This coming Sunday evening to Tuesday evening (Sept.29-Oct.1), this CondoAdviser contributor will be logging off and spending 2 days with family and community for the observance of the Jewish High Holiday of Rosh Hashana. Rosh Hashana marks the New Year, pursuant to the Jewish lunar calendar. This year, we celebrate Year 5780!

In this holiday season, I find myself harkening back to my law school days where one of the first cases we analyzed was a 2004 condominium case out of Quebec that broached the serious question of a condominium corp’s duty to accommodate religious belief and practice, in ways which may go against the by-laws or rules.

Supreme Court test for religious accommodation:

In the case of Syndicat Northcrest v Amselem, the Supreme Court considered the rights of practicing members of the Jewish faith in a Montreal condominium. The Plaintiffs (4 unit owners) claimed that certain condominium by-laws – which prohibited them from building a temporary booth, known as a Sukkah, on their balconies for the 8 days of the Jewish holiday of Sukkot – infringed upon their freedom of religion. [Note: “by-laws” in the Quebec context are generally comparable to the Ontario “rules”, in that they deal with the enjoyment, use and maintenance of the private and common portions and with the operation and administration of the co-ownership].

The balconies were exclusive use common elements of the condominium and the by-laws prohibited decorations, alterations and constructions on them. The Corporation proposed a “communal sukkah” in the gardens – which the owners contested, arguing that their beliefs required them to build their own personal sukkah.

In a 5-4 decision, the Supreme Court ruled in the owners’ favour.

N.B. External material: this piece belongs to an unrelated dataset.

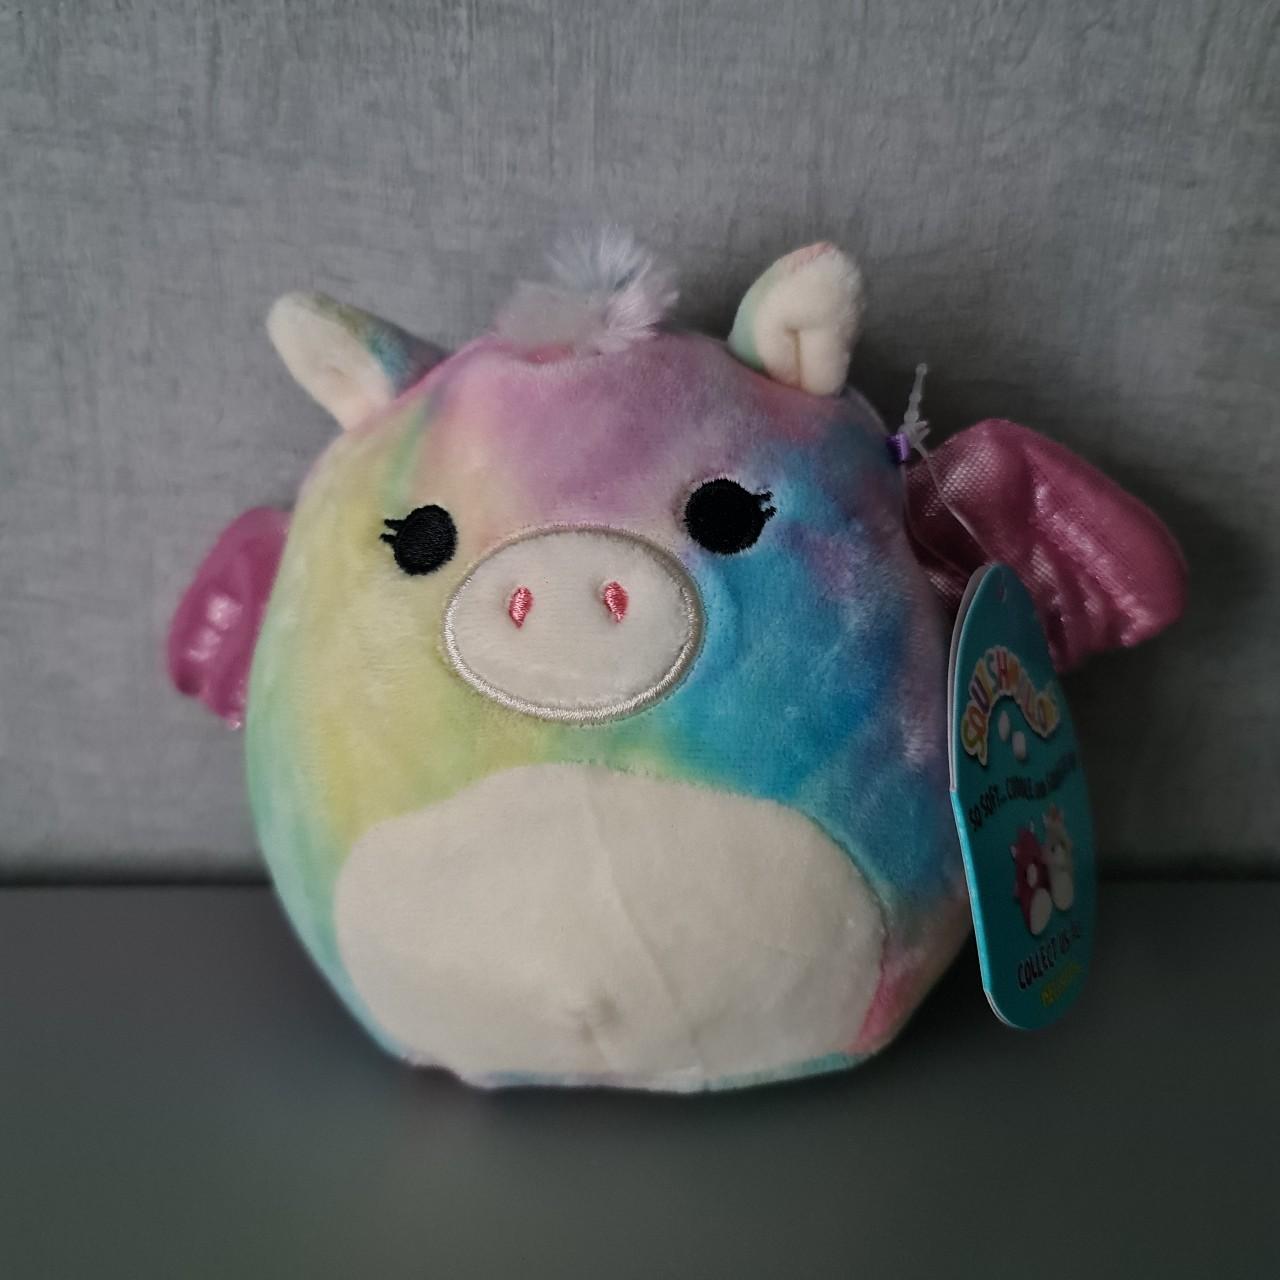 Product Image 1 - Jaime 5 inch squishmallow.
Brand new

And thus was born the Three-Step Test for analyzing an alleged infringement of religious freedom:

  • First, the claimant must have a “religious belief” (be it from organized religion, or otherwise) and that belief calls for a particular course of conduct;
  • Second, the claimant’s belief must be “sincere at the relevant time” (i.e. at the time they are claiming the accommodation);
  • Third, the claimant’s sincerely held religious belief must be sufficiently serious, and not a mere trivial breach

While this case was borne out of particular facts in the province of Quebec, it is a cogent reminder of a Corporation’s duty to accommodate religious belief and practice to the standard of “undue hardship.”

The Ontario Human Rights Code and the “Undue Hardship” Test:

Pursuant to sections 2 and 11 of the Ontario Human Rights Code, condominium corporations in Ontario have a legal obligation to accommodate residents’ religious beliefs and practices to the point of “undue hardship.”

Case law has suggested that “undue hardship” must amount to a particular accommodation being extremely costly or that it would interfere with the health and safety of other residents.

Something to keep in mind!

Wishing all those celebrating Rosh Hashana a Shana Tovah u’Metukah – a Happy and Sweet New Year.